Jordan Klepper (born March 9, 1979) is an American comedian, writer, producer, political commentator, television host, and actor. He began his career as a member of The Second City and Upright Citizens Brigade. From 2014 to 2017, he was a correspondent on The Daily Show. He started his own satirical program, The Opposition with Jordan Klepper, which was canceled in 2018. He then starred in the 2019 docuseries, Klepper, before returning to The Daily Show later that year. He often appears on a segment entitled "Jordan Klepper Fingers the Pulse".

Early life
Jordan Klepper was born in Kalamazoo, Michigan, on March 9, 1979, the son of Betse, a secretary at Loy Norrix High School, and Mark Klepper. Betse and Mark were introduced to each other by Betse's cousin, the actor and comedian Tim Allen, who was Mark's roommate at Western Michigan University. Klepper attended Kalamazoo Central High School and Kalamazoo Area Mathematics and Science Center, where he was a tennis player and a member of the Mock Trial Team that won Nationals.

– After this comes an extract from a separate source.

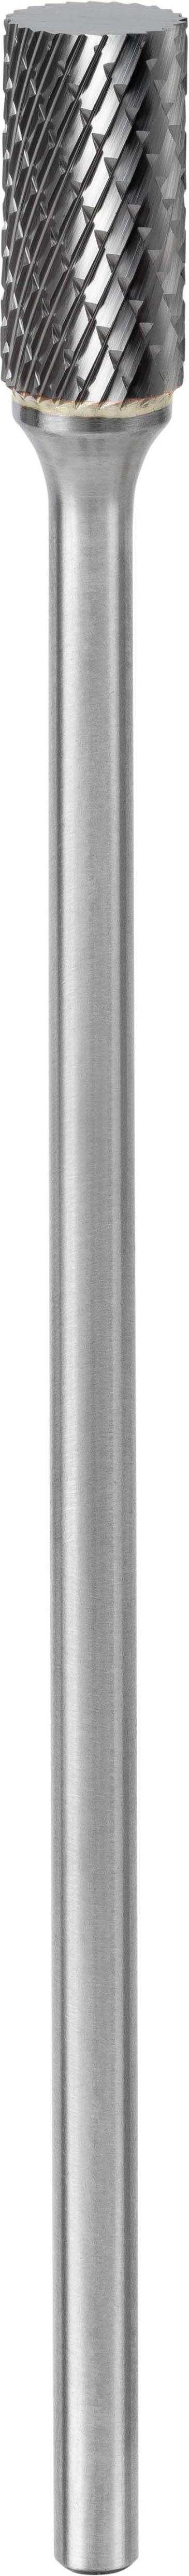 procut Hartmetallfrässtift - lange Ausführung

After graduating from high school, with a Frederick W. Heyl and Elsie L. Heyl Science Scholarship Fund full-tuition scholarship from Kalamazoo College, in 1997, Klepper double-majored in math and theater at Kalamazoo College and received his degree in 2001. He studied abroad in London during his time there. While at Kalamazoo College, his sister befriended aspiring actor Steven Yeun and took him to see Klepper's improv show, which inspired Yeun to attend his first acting class.

Career

After graduation, Klepper moved to Chicago, where he performed at The Second City. While there, he also worked for the Big Ten Network as a comedian on the show Big Ten Friday Night Tailgate. He moved to New York City in 2011, where he began performing as a member of the Upright Citizens Brigade.

Klepper debuted on The Daily Show on March 3, 2014, four days after his initial audition. He received consistently positive reviews for his segments on the show, and filled in as the host in October 2016 when Trevor Noah was sick.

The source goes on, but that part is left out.